**TASK DETAILS:**
What you return should be the lines from the one with "cute basketball mom shirts" through the one with "Former cinema Union" in the data below, reproduced exactly with both ends, and no pictures at all.

---------- PROVIDED DATA ----------

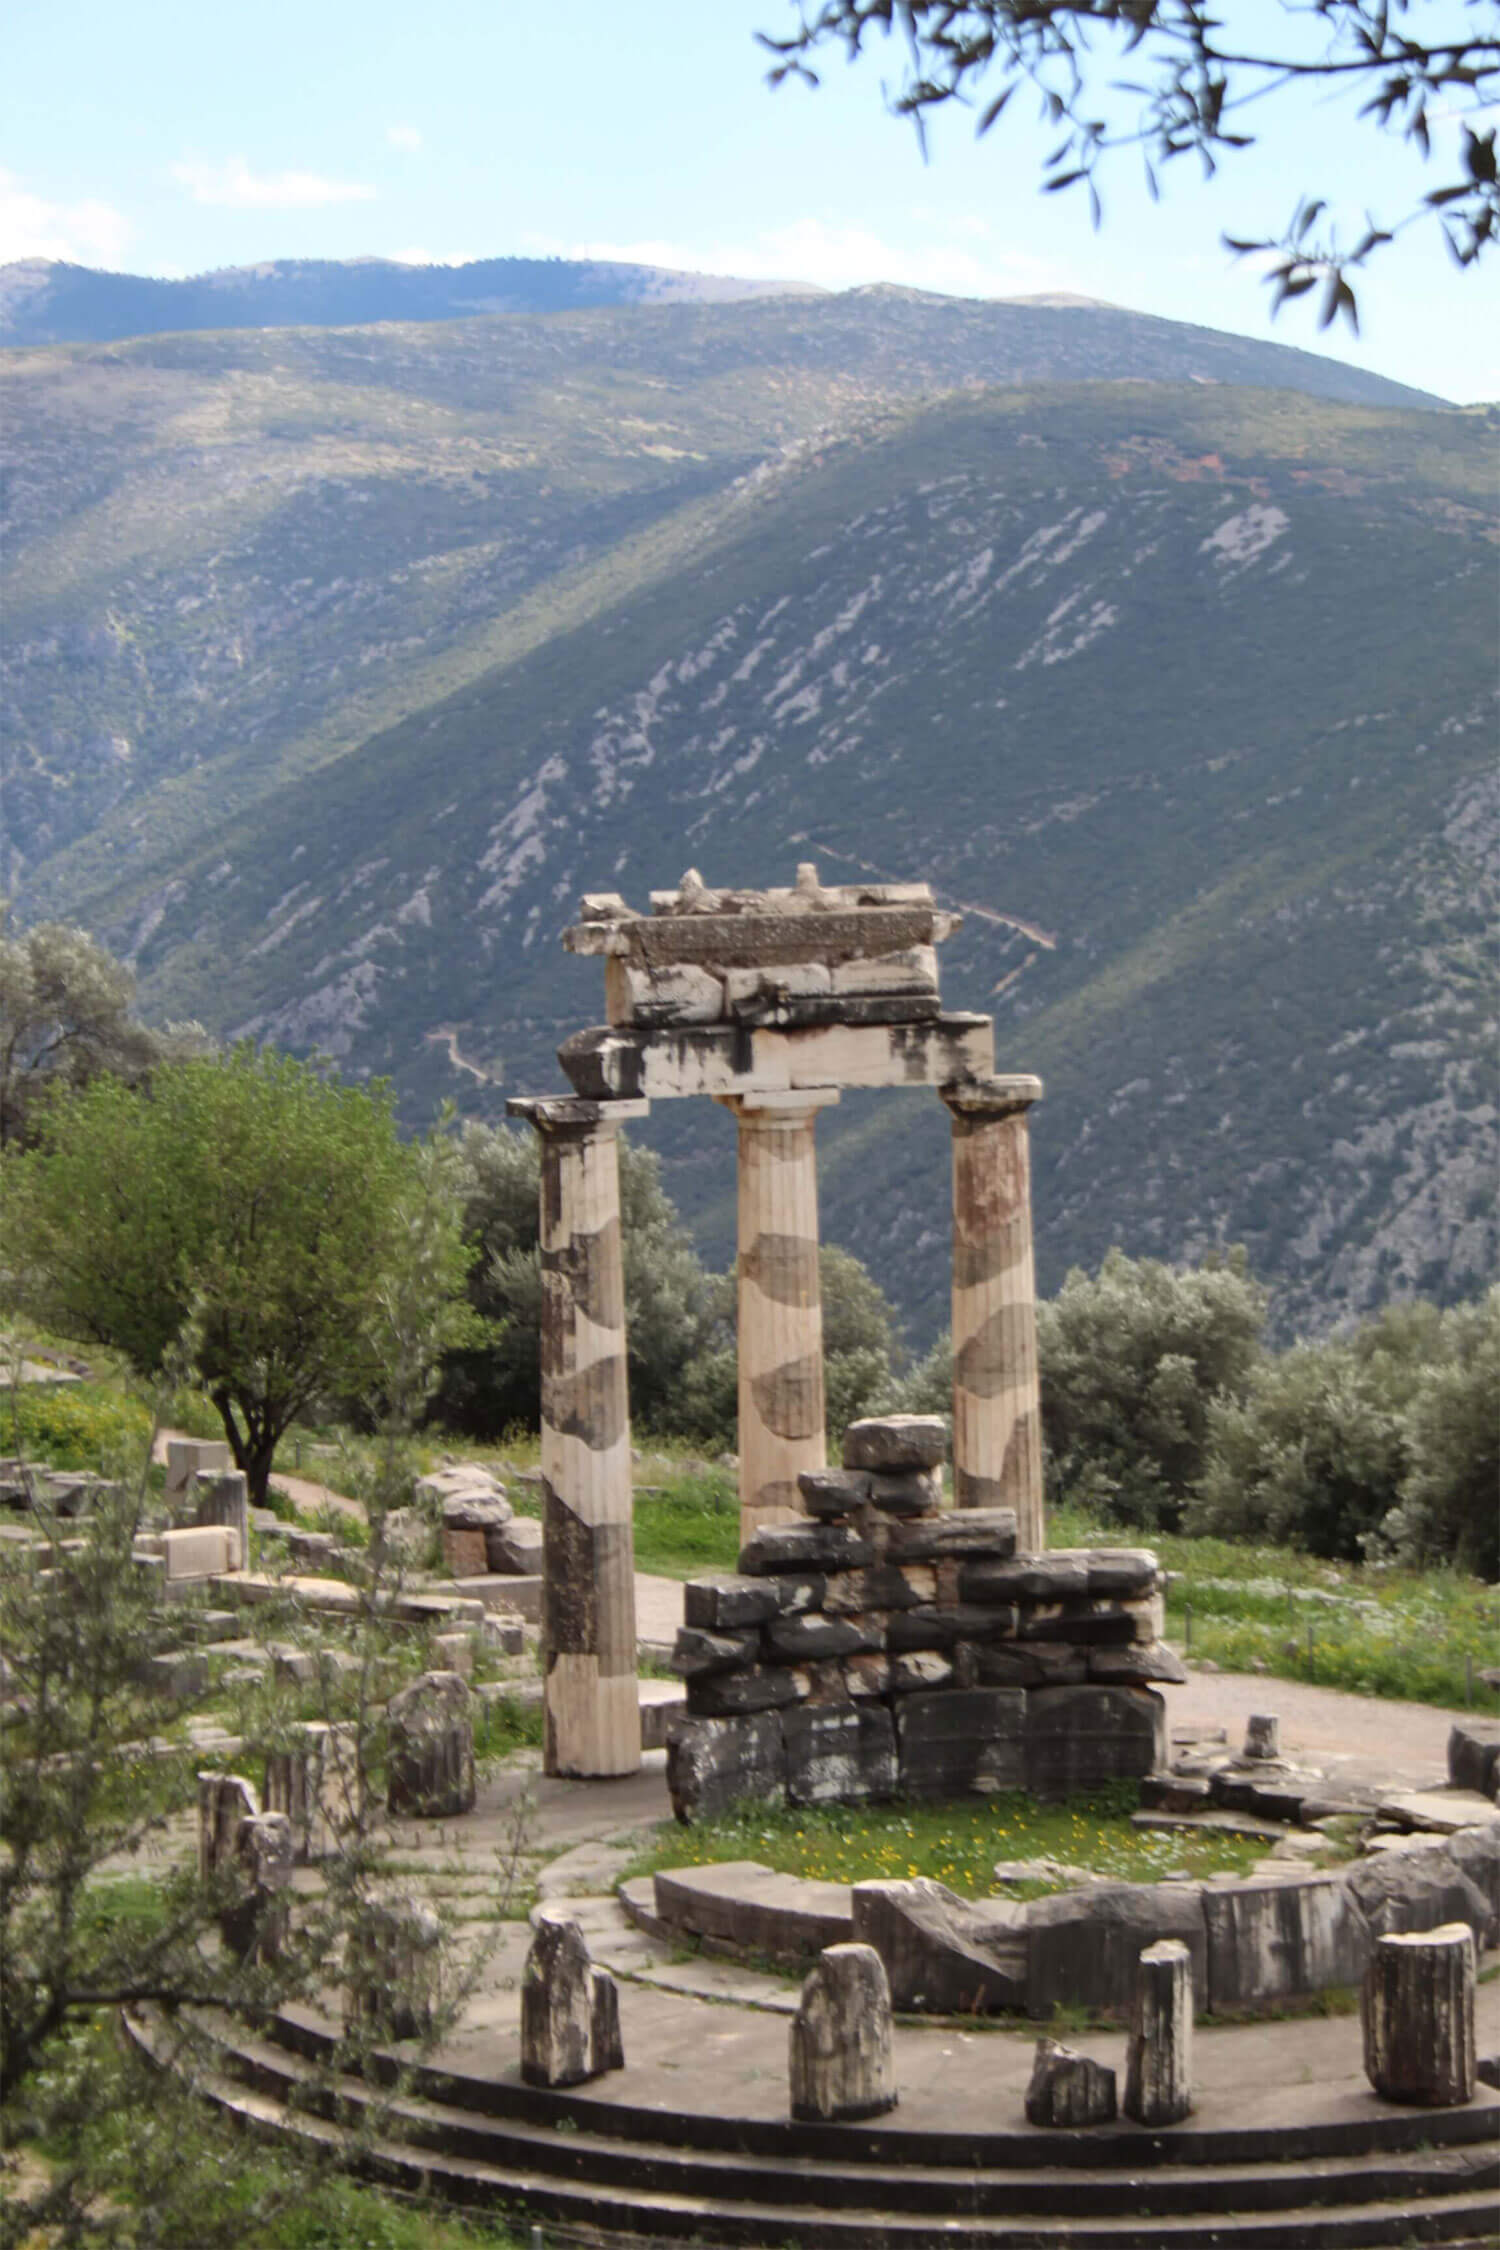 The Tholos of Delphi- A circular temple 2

----------
---------- PROVIDED DATA ----------

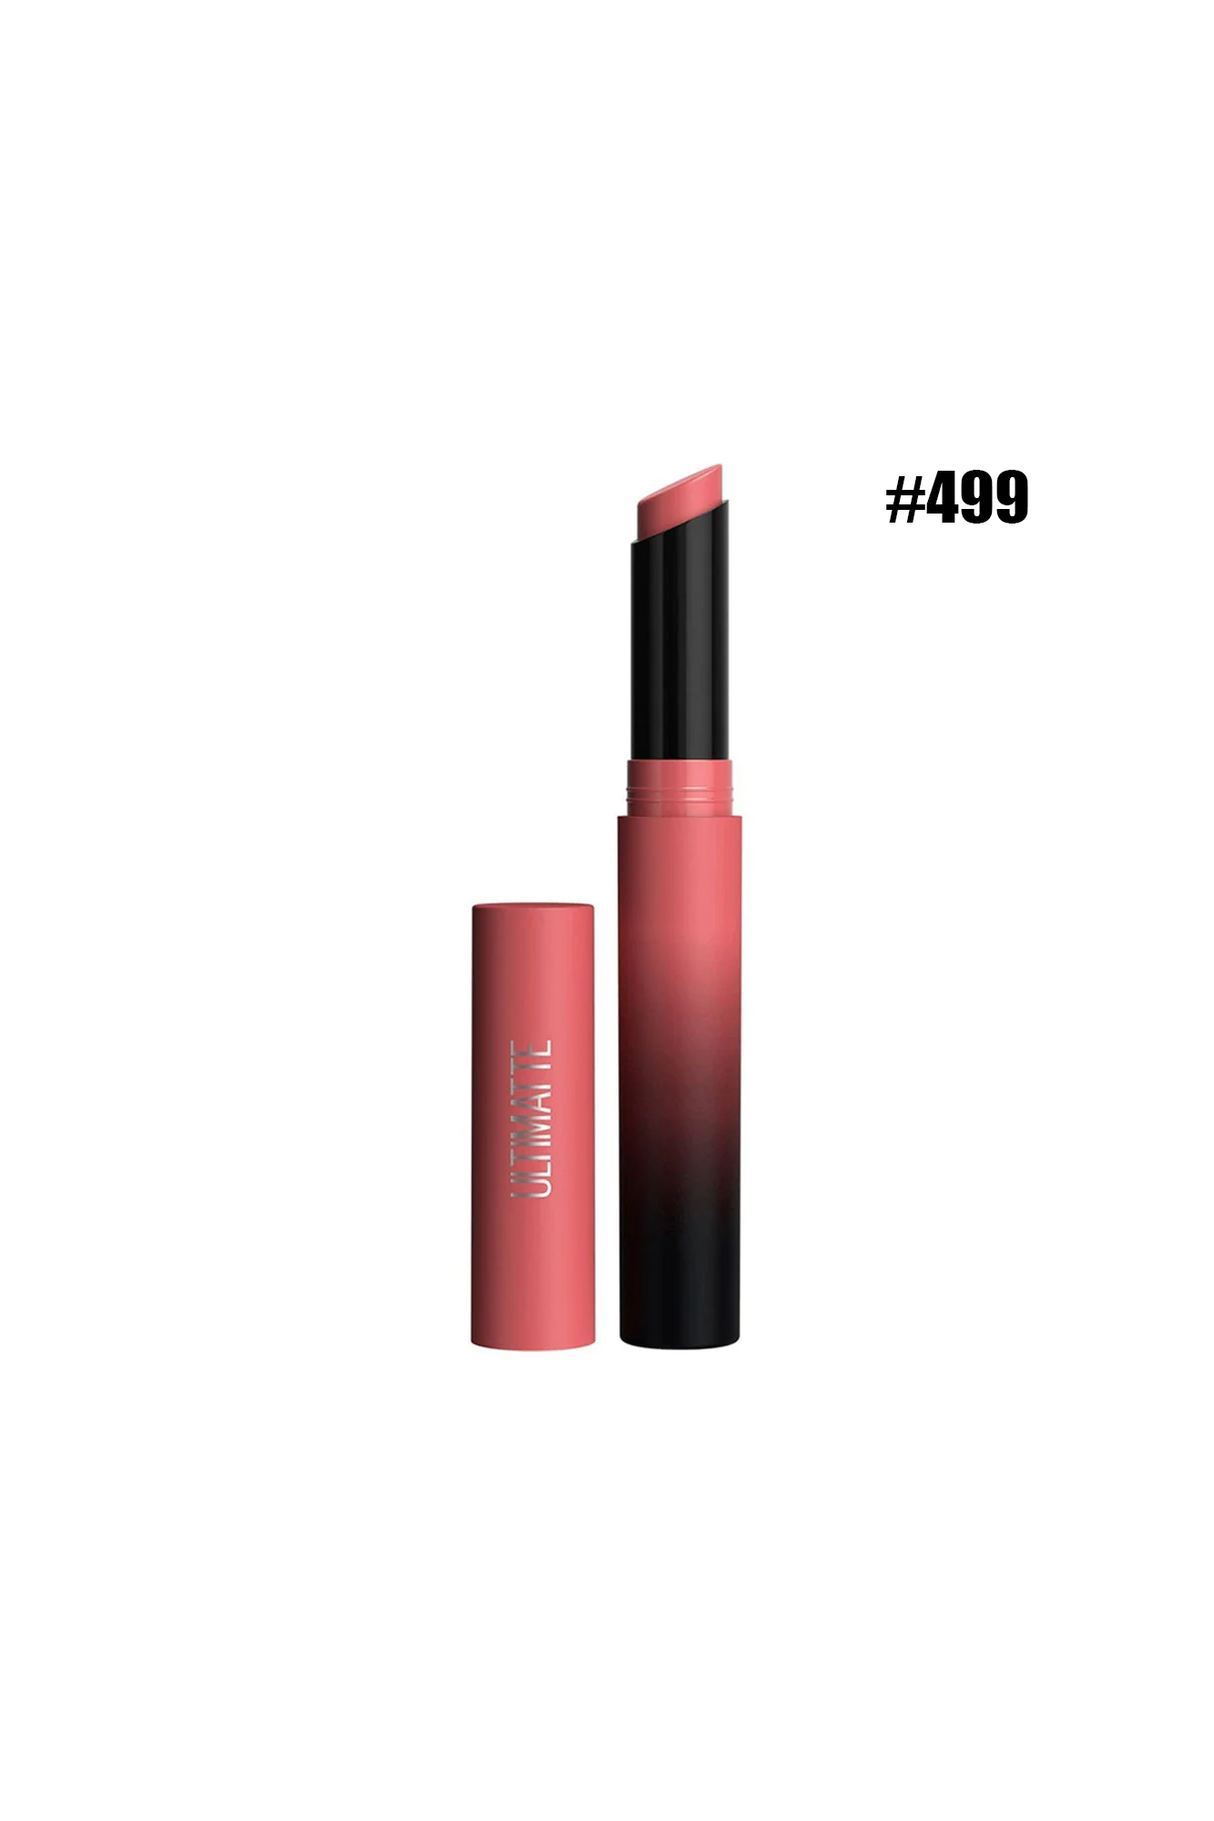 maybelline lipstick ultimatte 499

----------
---------- PROVIDED DATA ----------

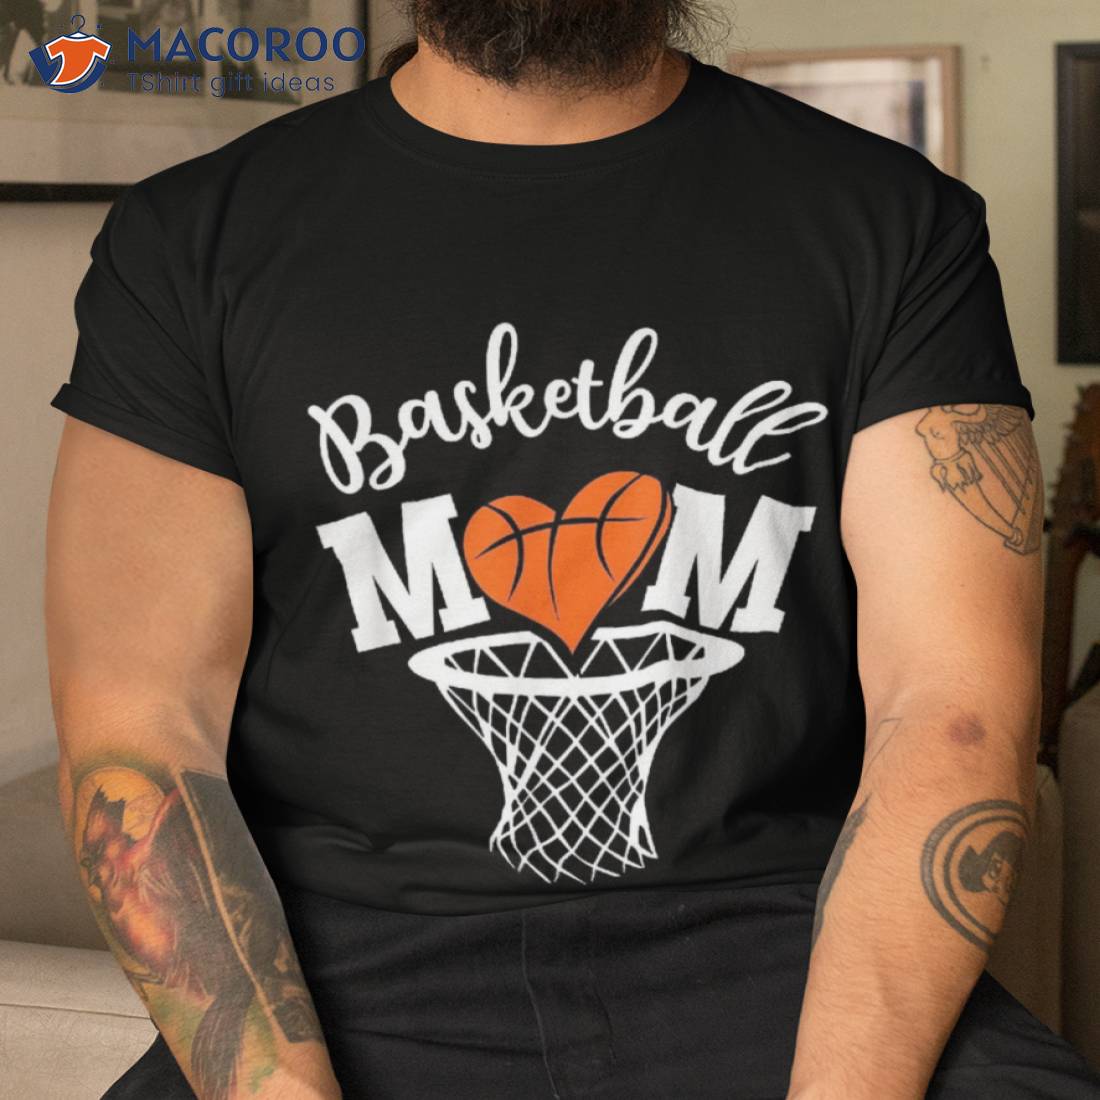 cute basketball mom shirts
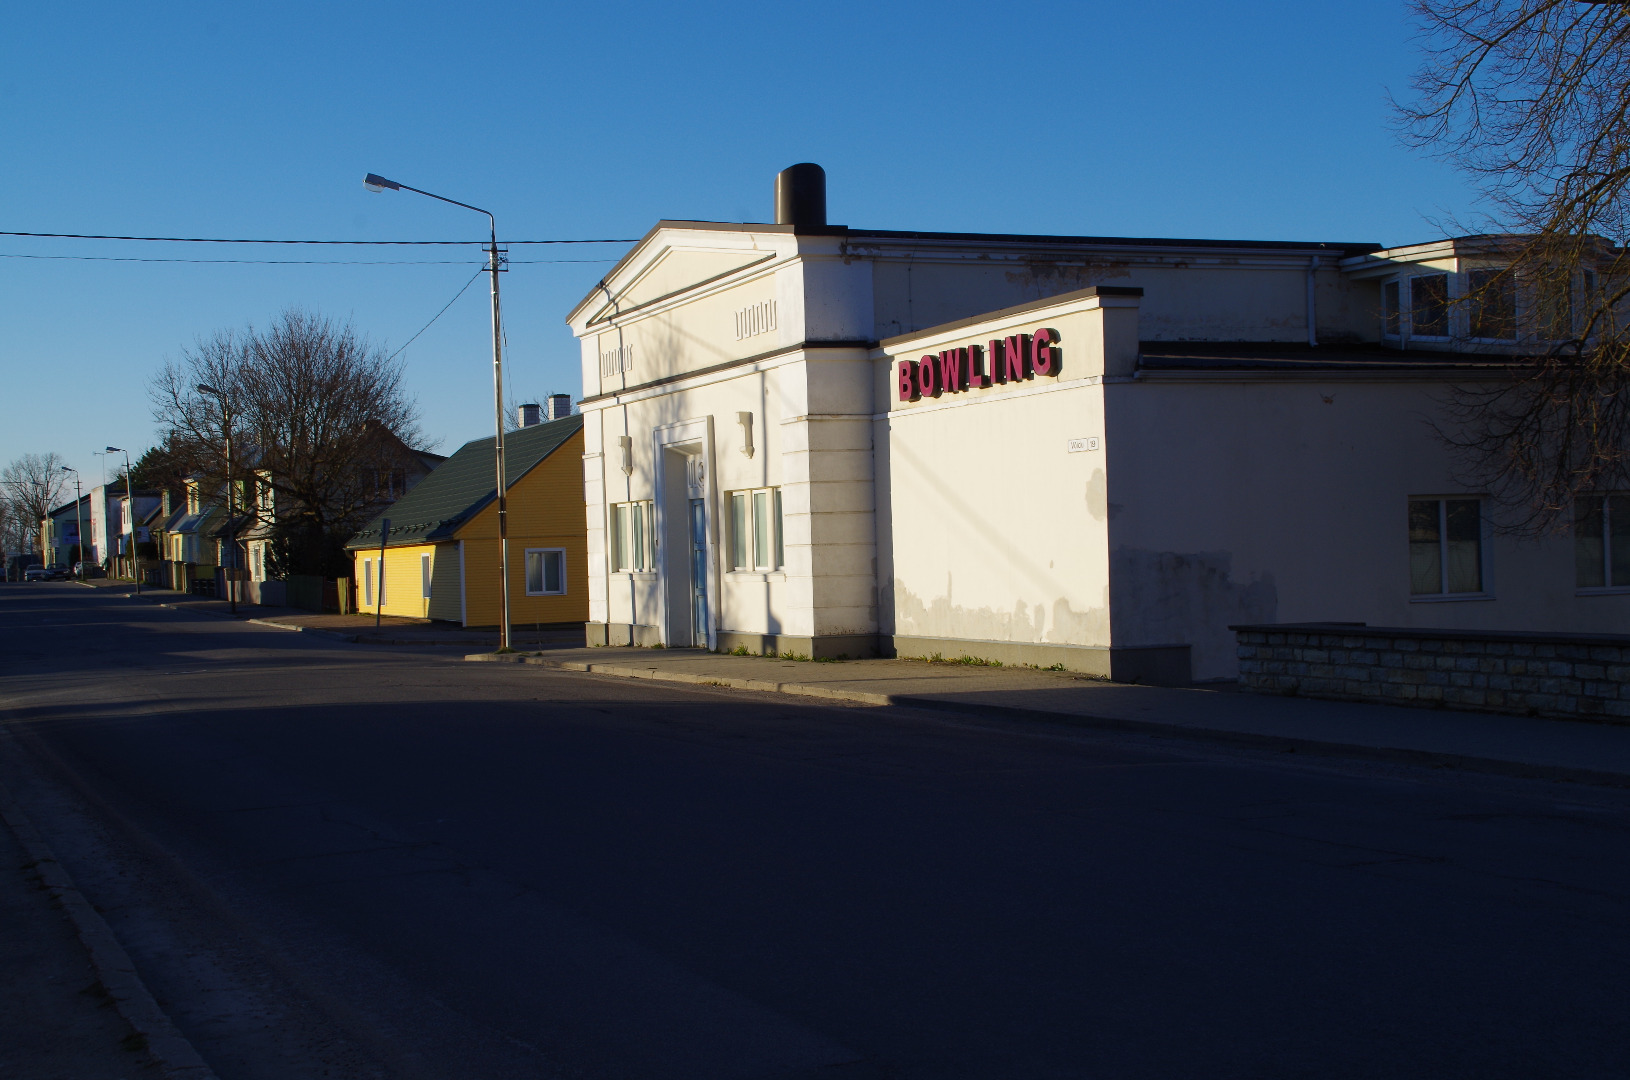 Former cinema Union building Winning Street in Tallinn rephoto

----------

**THE ANSWER:**
 cute basketball mom shirts
 Former cinema Union building Winning Street in Tallinn rephoto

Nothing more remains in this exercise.